She went out there in her silk pajamas, with straggly, uncombed, dyed-blond hair. Her arms and legs were thin, but her face was somewhat bloated, and what she claimed was her tan seemed a sickly brown color not from the sun. Maybe jaundice.
The child had stayed inside and watched television-Sunday cartoons that she was surely too old for.
He couldn’t tell what was wrong, or be sure that anything was. Marcelle went away to London to have some female thing done and died in the hospital. When he phoned her husband to tell him, Ken Boudreau said, “What did she take?”
If Marcelle’s mother had been alive still, would things have been any different? The fact was that her mother, when she was alive, had been as bewildered as he was. She had sat in the kitchen crying while their teenage daughter, locked into her room, had climbed out the window and slid down the verandah roof to be welcomed by carloads of boys.
The house was full of a feeling of callous desertion, of deceit. He and his wife had surely been kind parents, driven to the wall by Marcelle. When she had eloped with an airman, they had hoped that she would be all right, at last. They had been generous to the two of them as to the most proper young couple. But it all fell apart. To Johanna Parry he had likewise been generous, and look how she too had gone against him.

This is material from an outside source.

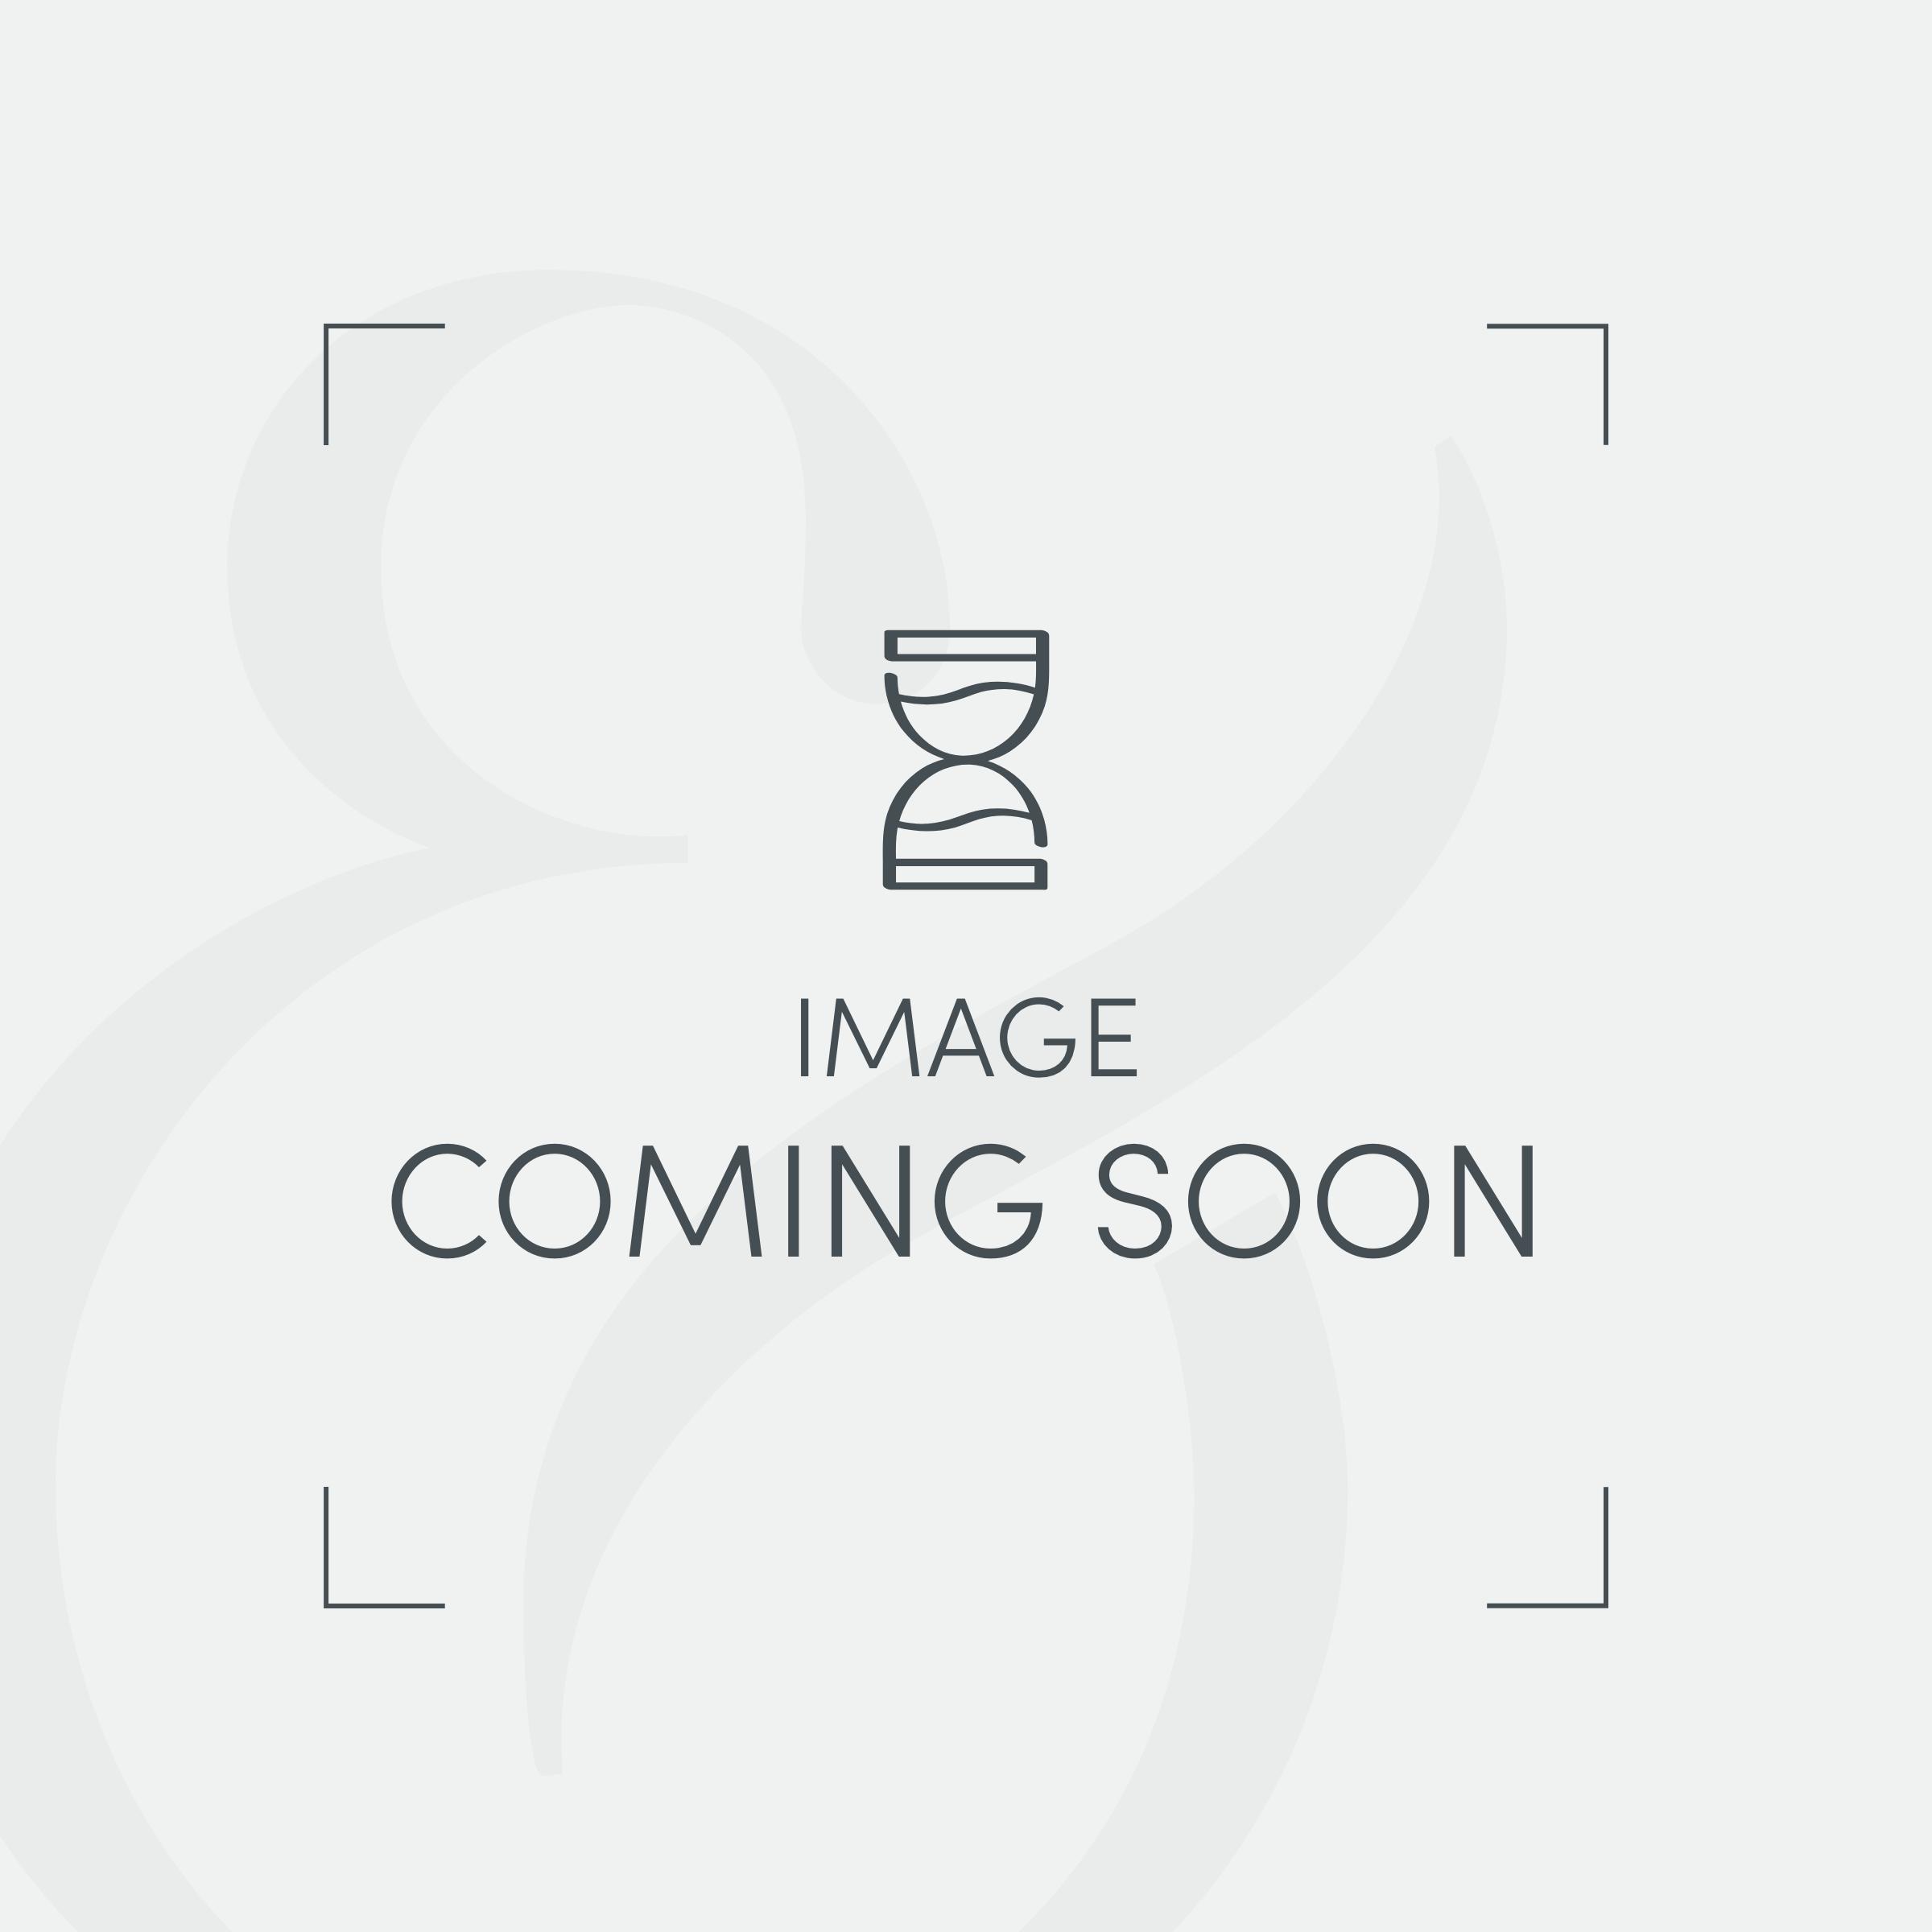 200TC Organic Cotton - King Duvet Cover - White

He walked to town and went into the hotel for his breakfast. The waitress said, “You’re bright and early this morning.”
And while she was still pouring out his coffee he began to tell her about how his housekeeper had walked out on him without any warning or provocation, not only left her job with no notice but taken a load of furniture that had belonged to his daughter, that now was supposed to belong to his son-in-law but didn’t really, having been bought with his daughter’s wedding money. He told her how his daughter had married an airman, a good-looking, plausible fellow who wasn’t to be trusted around the corner.